Start of Block

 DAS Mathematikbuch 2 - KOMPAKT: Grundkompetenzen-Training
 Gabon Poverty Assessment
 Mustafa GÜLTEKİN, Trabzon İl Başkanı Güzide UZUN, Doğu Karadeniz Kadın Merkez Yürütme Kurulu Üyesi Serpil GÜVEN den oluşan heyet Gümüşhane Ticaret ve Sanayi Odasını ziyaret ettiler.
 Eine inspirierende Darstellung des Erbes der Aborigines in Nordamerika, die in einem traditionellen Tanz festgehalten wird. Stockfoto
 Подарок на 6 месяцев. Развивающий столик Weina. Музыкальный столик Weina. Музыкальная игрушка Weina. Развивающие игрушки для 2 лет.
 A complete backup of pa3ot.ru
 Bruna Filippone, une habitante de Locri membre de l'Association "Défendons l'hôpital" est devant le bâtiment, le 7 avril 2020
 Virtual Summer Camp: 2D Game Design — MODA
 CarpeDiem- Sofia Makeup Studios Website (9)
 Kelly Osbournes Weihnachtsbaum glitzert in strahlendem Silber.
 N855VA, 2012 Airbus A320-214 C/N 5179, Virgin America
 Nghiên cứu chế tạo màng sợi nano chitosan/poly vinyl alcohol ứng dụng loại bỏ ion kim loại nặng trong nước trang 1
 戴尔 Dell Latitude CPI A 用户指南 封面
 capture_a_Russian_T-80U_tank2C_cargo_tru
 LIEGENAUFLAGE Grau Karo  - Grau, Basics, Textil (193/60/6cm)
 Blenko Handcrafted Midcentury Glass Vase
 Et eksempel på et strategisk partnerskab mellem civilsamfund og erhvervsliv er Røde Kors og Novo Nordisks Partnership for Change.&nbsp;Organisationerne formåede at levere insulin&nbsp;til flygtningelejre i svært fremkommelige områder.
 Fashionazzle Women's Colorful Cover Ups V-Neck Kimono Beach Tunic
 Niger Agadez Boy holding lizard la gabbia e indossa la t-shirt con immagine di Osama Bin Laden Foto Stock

End of Block

* _Assigned task_: In the data above, find the line with "Eine inspirierende Darstellung" and the line with "Kelly Osbournes Weihnachtsbaum". Retype both, plus every line between them, exactly.

* _Exercise answer_:
 Eine inspirierende Darstellung des Erbes der Aborigines in Nordamerika, die in einem traditionellen Tanz festgehalten wird. Stockfoto
 Подарок на 6 месяцев. Развивающий столик Weina. Музыкальный столик Weina. Музыкальная игрушка Weina. Развивающие игрушки для 2 лет.
 A complete backup of pa3ot.ru
 Bruna Filippone, une habitante de Locri membre de l'Association "Défendons l'hôpital" est devant le bâtiment, le 7 avril 2020
 Virtual Summer Camp: 2D Game Design — MODA
 CarpeDiem- Sofia Makeup Studios Website (9)
 Kelly Osbournes Weihnachtsbaum glitzert in strahlendem Silber.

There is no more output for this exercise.